**Ranking: Paired Comparison Versus Range Voting Activity**

Prepared by:

Joseph Malkevitch

Department of Mathematics

York College (CUNY)

Jamaica, New York 11451

email:

__malkevitch@york.cuny.edu__

web page:

__http://york.cuny.edu/~malk__

This activity is a follow-up to having constructed a ranking for a list of items based on paired comparisons carried out without allowing ties. Thus, you carried out the "experiment" of ranking: the following list of topics that are sometimes taught about algebra/arithmetic/geometry to 8th grade students:

1 = solving linear equations

2 = irrational numbers versus rational numbers

3 = slope of a line

4 = evaluate functions

5 = solving two linear equations with two unknowns

6 = Pythagorean theorem

7 = volume of prisms, pyramids and cones

What you did was to interpret Topic A > Topic B (in the list above) to mean that you feel it is more important for 8th grade students to master Topic A than Topic B with no allowance for being indifferent (ties).

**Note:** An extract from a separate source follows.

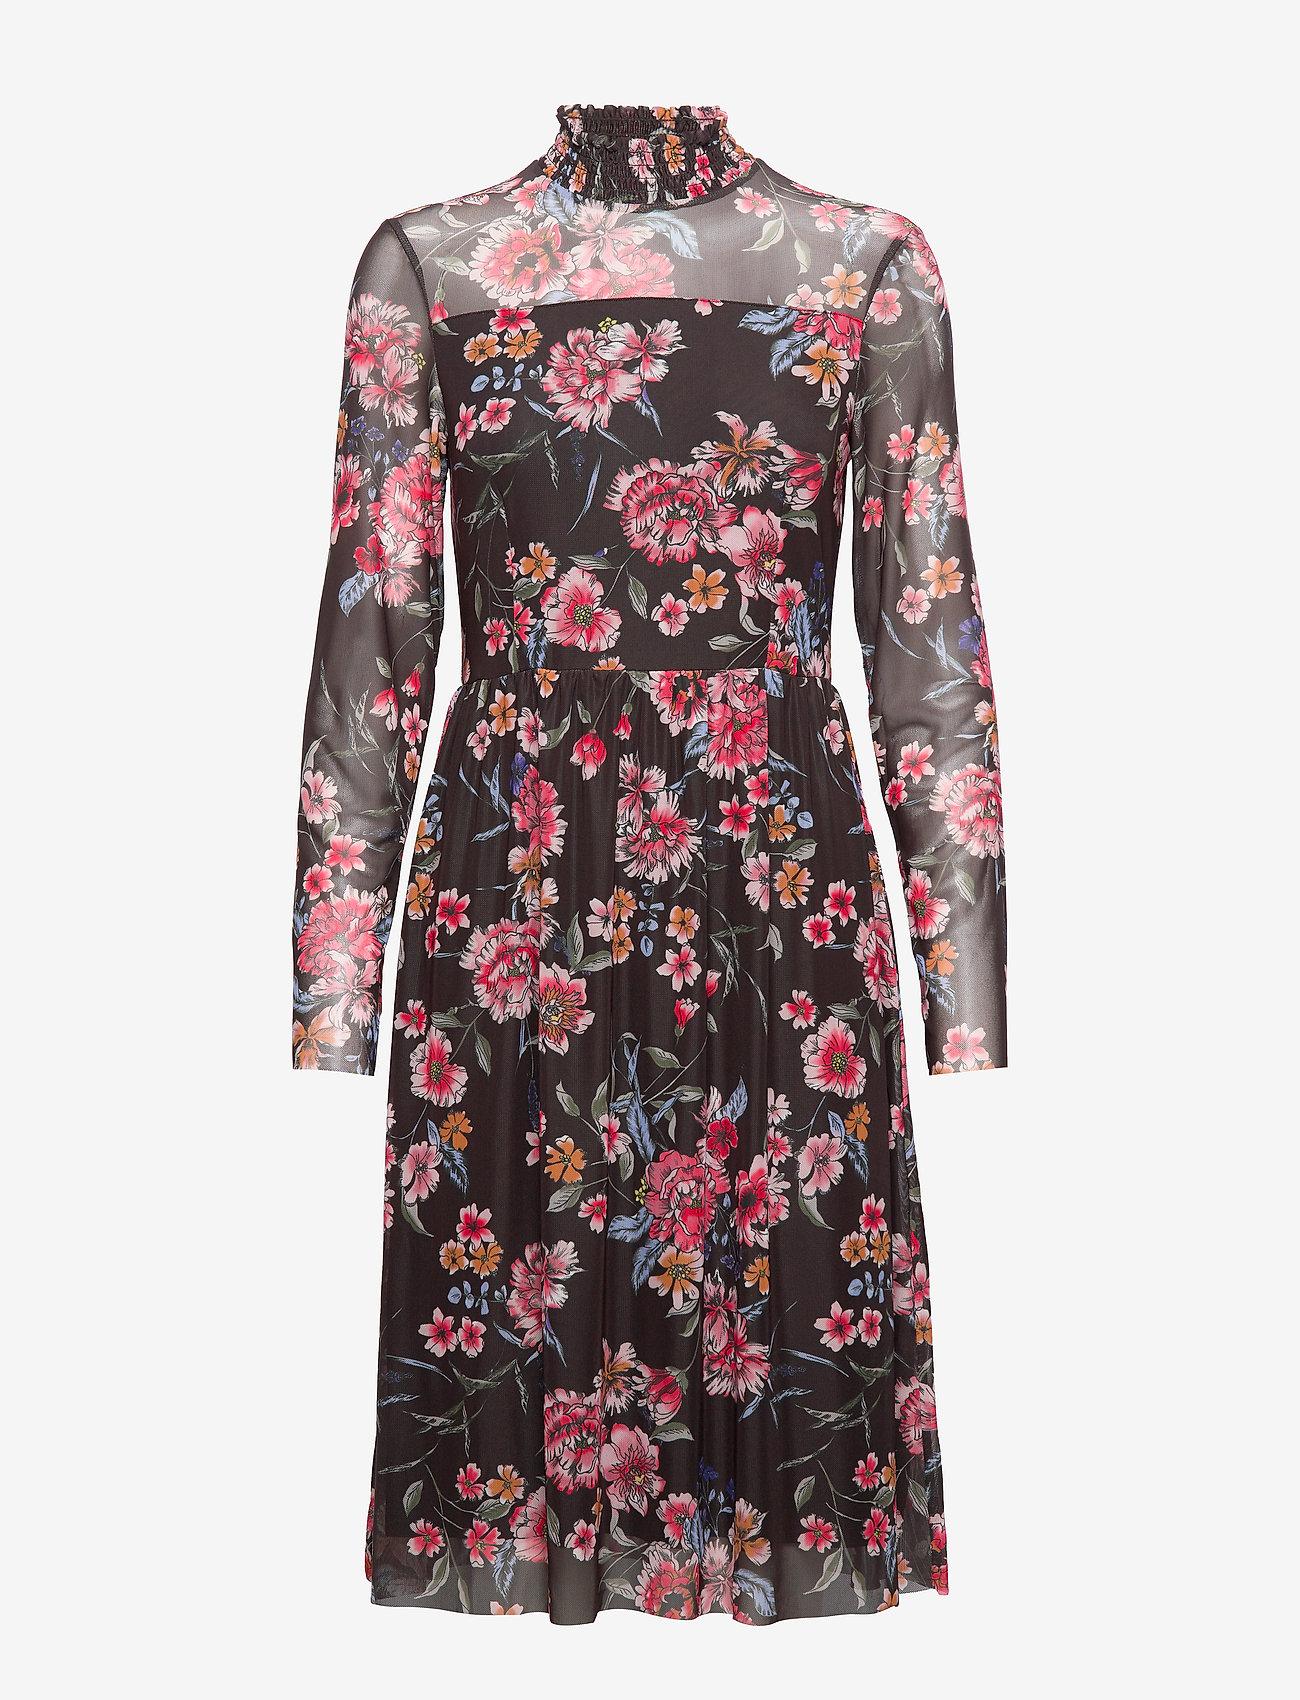 Taifun - DRESS KNITTED FABRIC - midiklänningar - black patterned - 0

You have to decide what the word "master" means for you in this context.

Then by using paired comparisons you produced a ranking of these seven topics.

However, there are other approaches rather than paired comparisons for producing rankings. One such method sometimes called range or score voting is carried out as follows. Given a collection of alternatives to rank, you are allowed to "judge" a specific alternative by giving it a score, using from 0 to 99 points as the value you assign to the alternative. Thus, each alternative can be given a "score" from a list of 100 levels. For this particular activity you are not allowed to give the same score to two different alternatives (though in the usual version of range voting this would be allowed). For example, you could give 6 = Pythagorean theorem a 67 and 3 = slope of a line a 24. In this case presumably you "prefer" alternative 6 above alternative 3 because the number 67 is larger than 24. Using the numbers 0 to 99 and the relative sizes of the scores you assign, you can compute a ranking for the seven alternatives above. Give some thought to deciding why you might give, say, 4 = evaluate functions, 72 points rather than 73, 74, 71 or 70 points.

Question 1:

Produce a ranking of the topics 1-7 based on paired comparisons.

Question 2:

Putting aside the work you did to answer Question 1, produce a ranking of the topics 1-7 using range voting (without ties).

Question 3:

Compare the rankings you got for Question 1 and Question 2. Are you convinced you would always get identical rankings by using these two methods? Which of the two approaches is "better?" Which of the two approaches is "more reliable?"

Question 4:

Allow several hours to go by or a day to go by and repeat Questions 1 and 2 without looking at what you did previously. Did you get the same rankings in each case?

You may also want to use paired comparisons versus range voting (no ties) to determine a ranking of the 7 fruits:

Apple, Banana Cherry, Date, Grape, Orange, Raspberry